The fourth section assessed attitudes about feeding infants. Questions that evaluated mothers' attitudes included questions on mothers' comfort with breastfeeding, potential problems with breastfeeding and questions on the impact of breastfeeding on care of other family members. Additional questions tested the community's attitude toward breastfeeding, including if women feel shy to breastfeed in public places and whether breastfeeding mothers require a special place to breastfeed in public. A final question was asked regarding subjects' attitudes about birth spacing.
The fifth section documented information on subjects' breastfeeding behaviour and practice. Questions centred on when breastfeeding was initiated and breastfeeding duration. As well, questions were asked regarding supplementary feeding practices such as sugar water and the use of infant formula.

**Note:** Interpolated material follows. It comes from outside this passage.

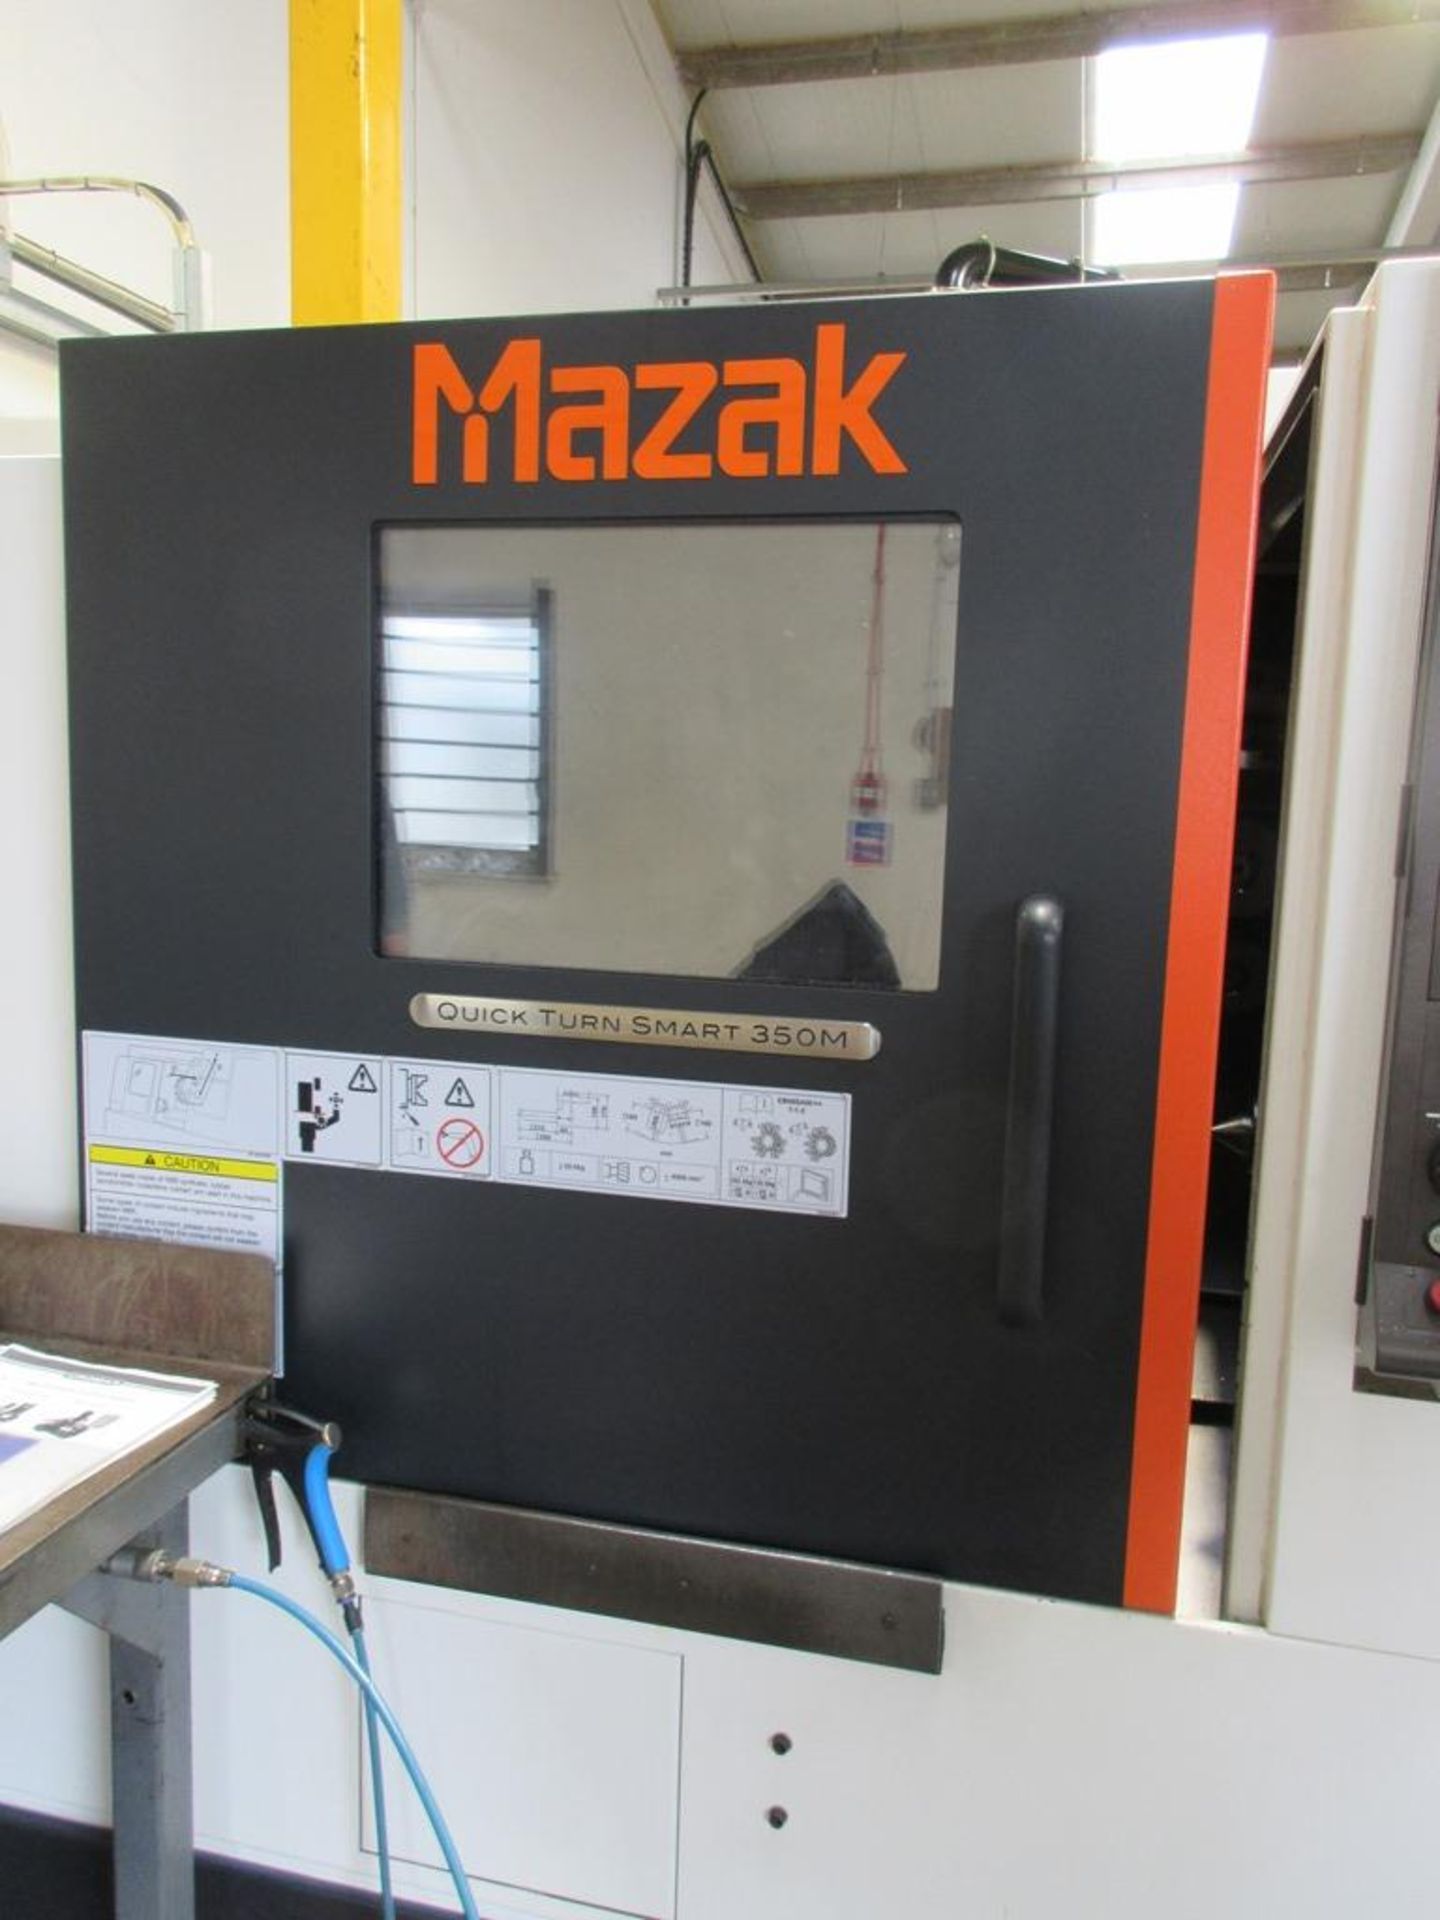 Mazak Quick Turn Smart 350M CNC slant bed turning centre (2015) - Image 4 of 14

The last section examined breastfeeding support programs within Kep province. Questions evaluated the accessibility and feasibility of parenting/prenatal classes. Further, questions recorded subjects' sense of belonging to the community and willingness to ask for breastfeeding support if needed. A final question was included in the refined copy of the questionnaire to assess mothers' overall self-esteem and to provide a conclusion to the questionnaire process. The question (What makes you a good mother?) was open-ended and had the potential to build cultural relations.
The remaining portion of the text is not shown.